What to do | The data below should be restated word for word, pictures omitted.

Source material |

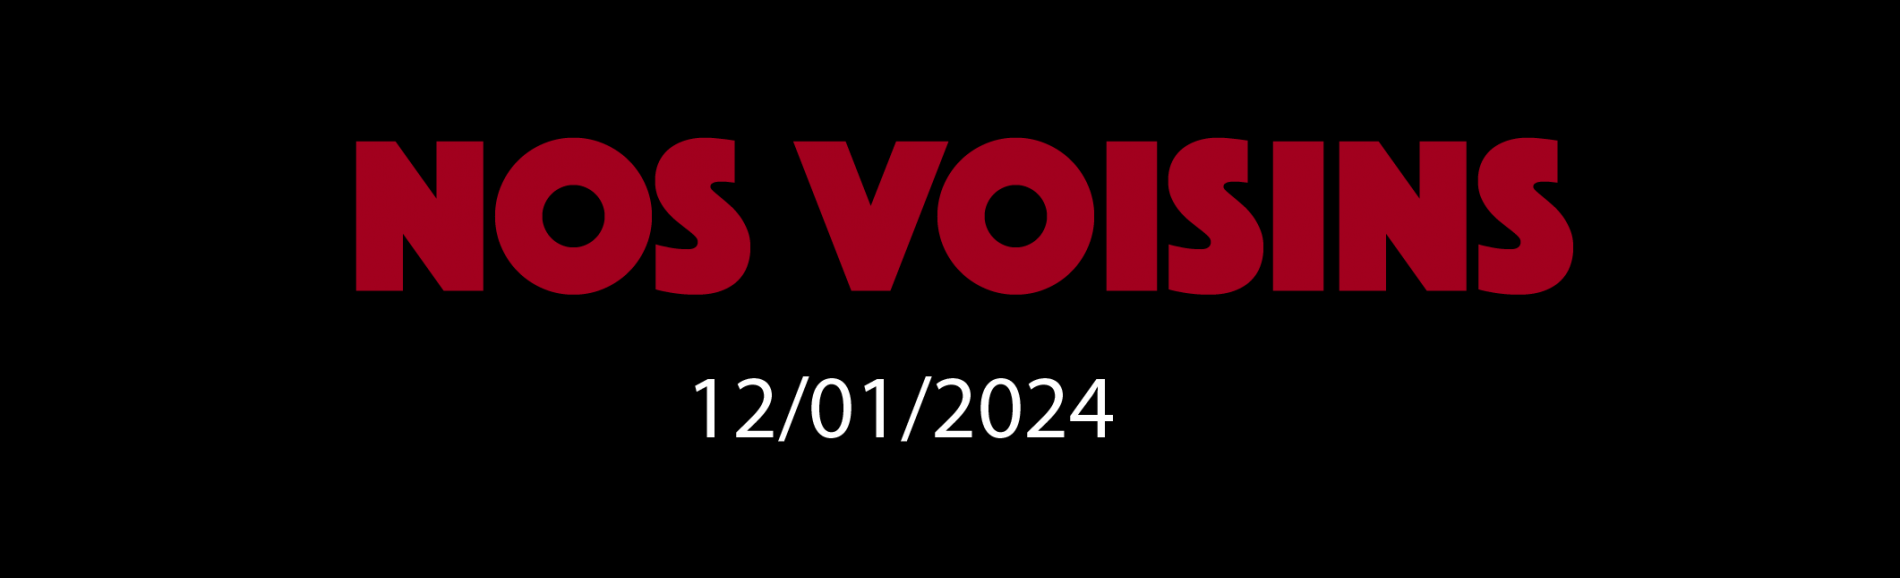 NOS VOISINS - 12/01/2024
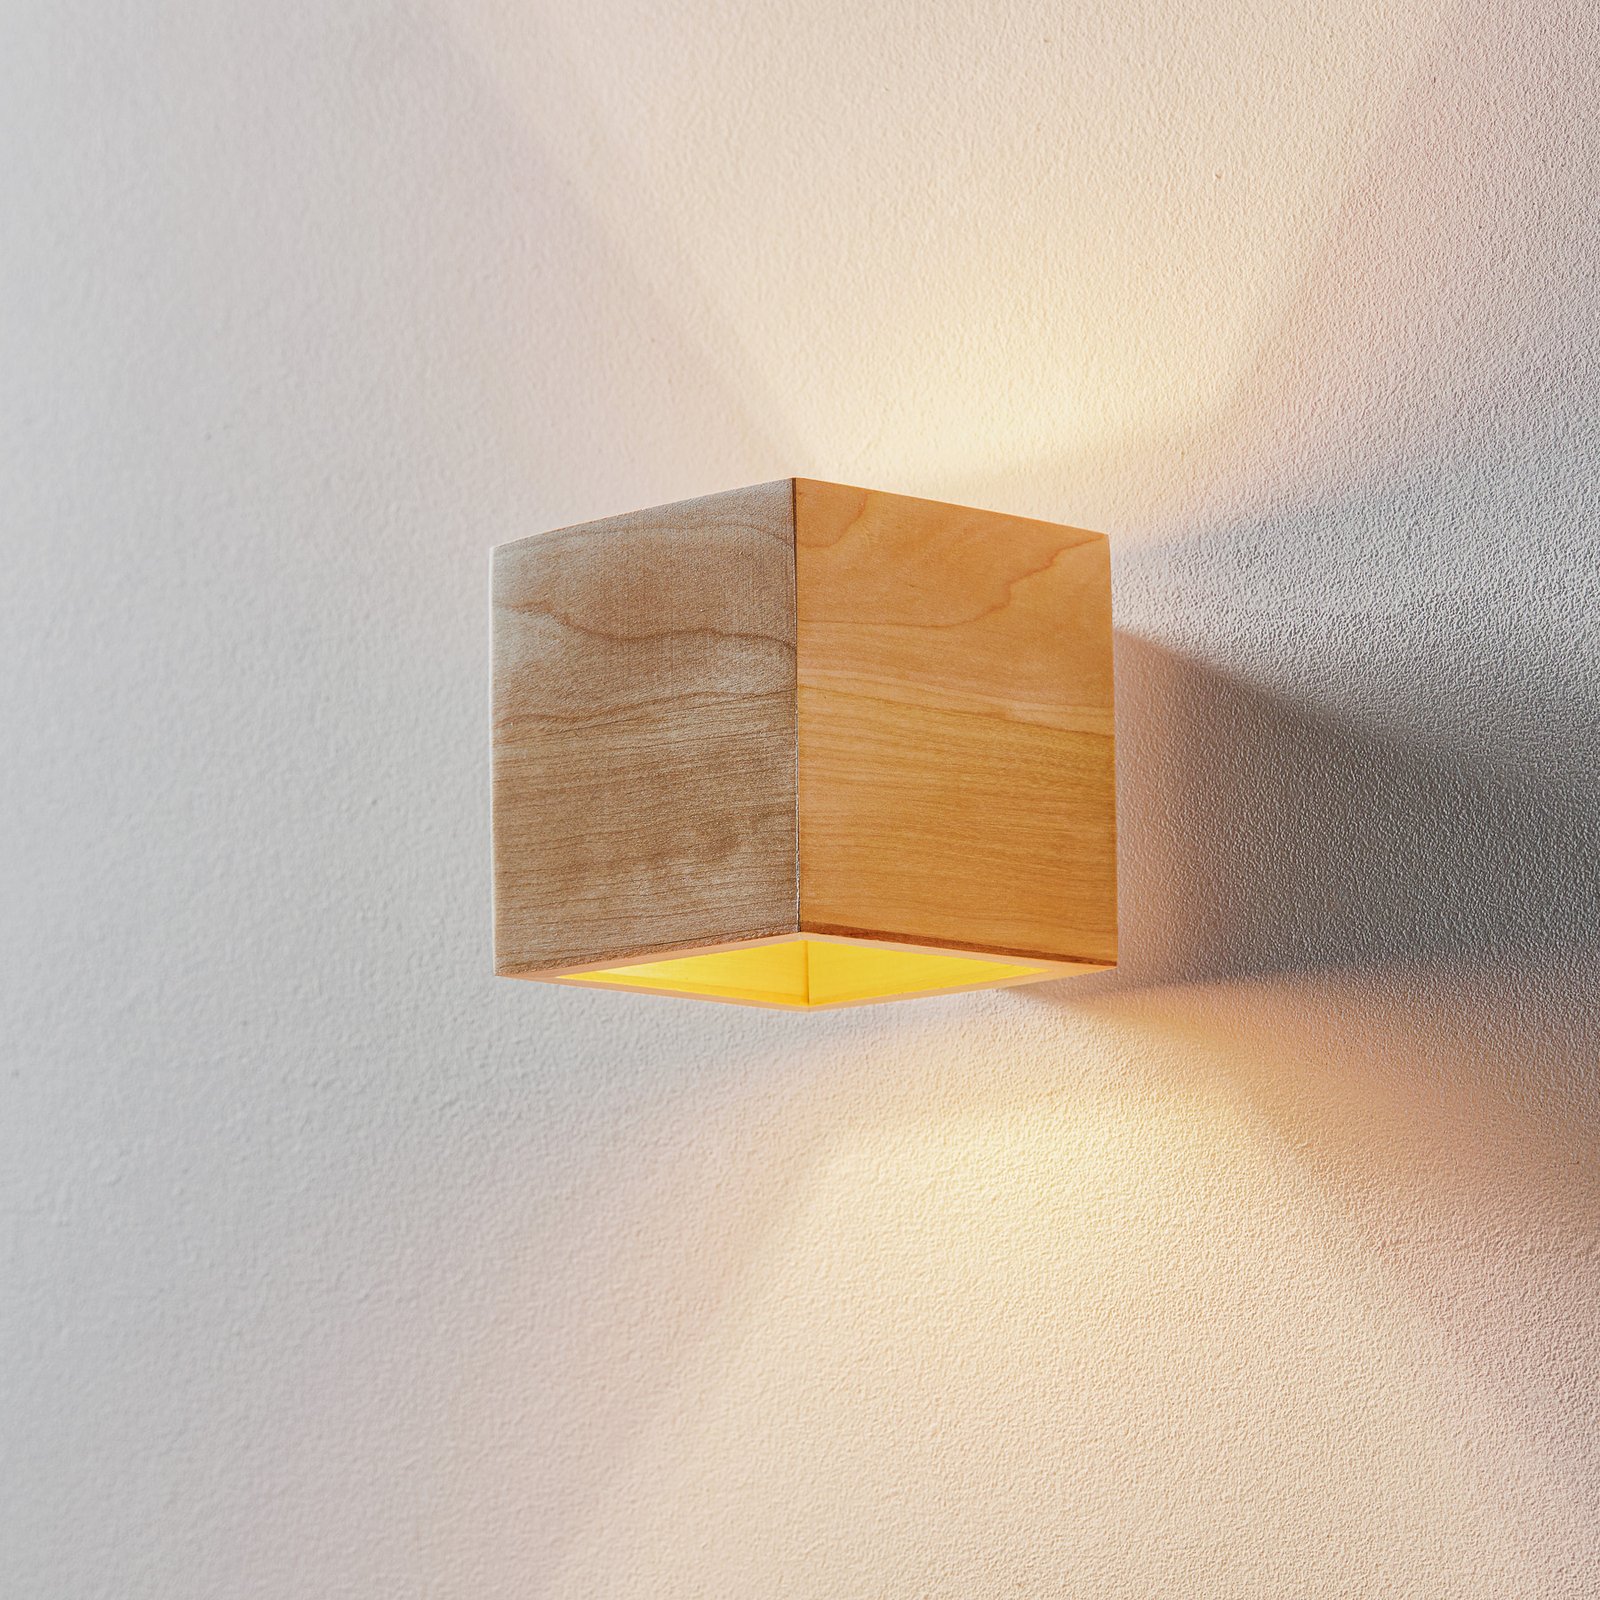 Ara wall light as a wooden cube
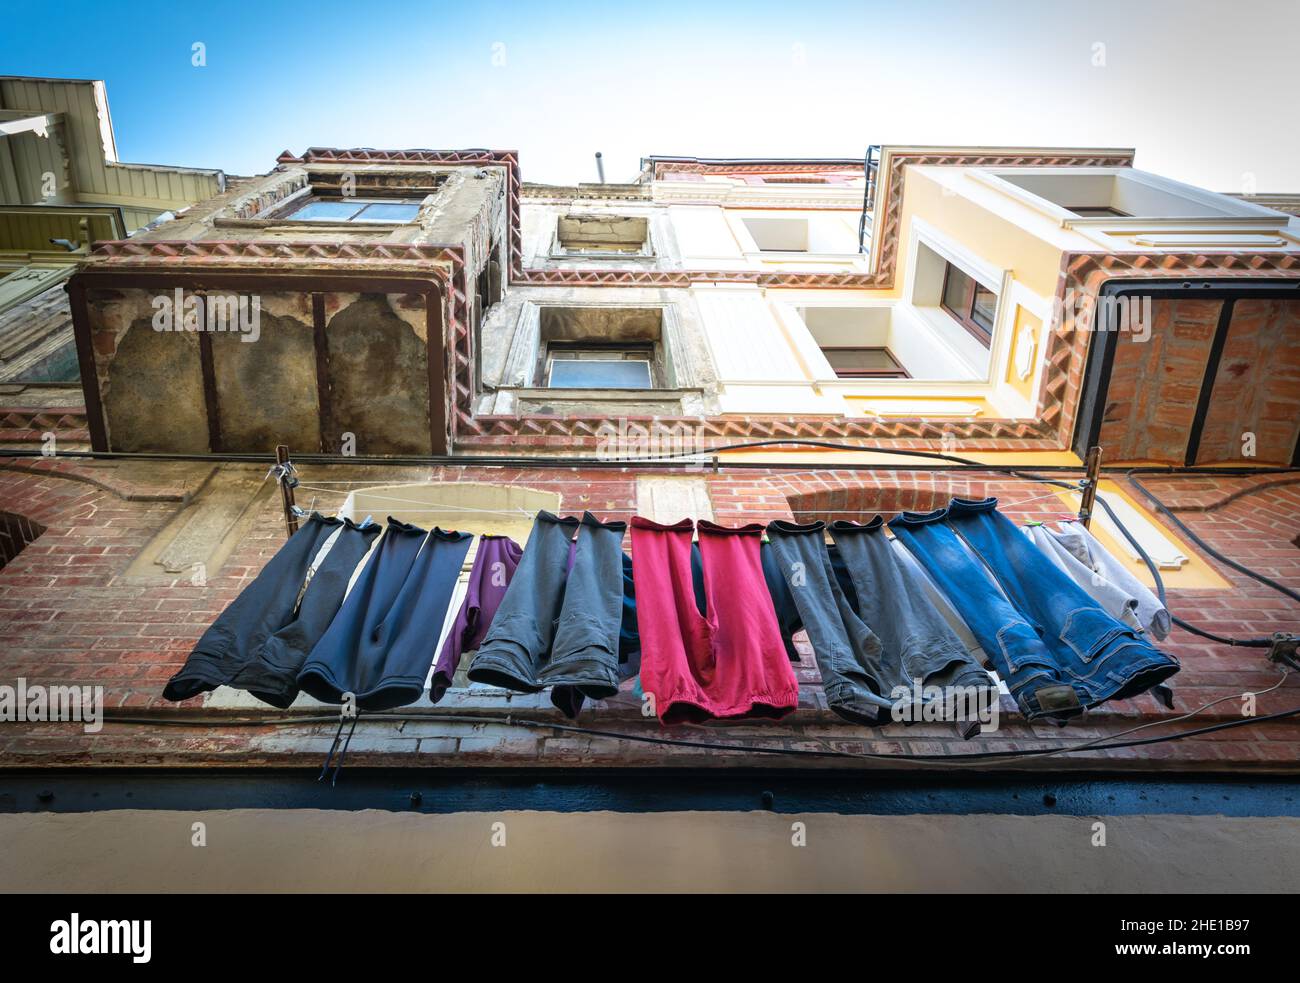 Vestiti appesi all'esterno e asciugando nella strada di Balat. Cultura turca e vivere in luoghi storici. istanbul.Turkey. Foto Stock

Solution to this problem |
 NOS VOISINS - 12/01/2024
 Ara wall light as a wooden cube
 Vestiti appesi all'esterno e asciugando nella strada di Balat. Cultura turca e vivere in luoghi storici. istanbul.Turkey. Foto Stock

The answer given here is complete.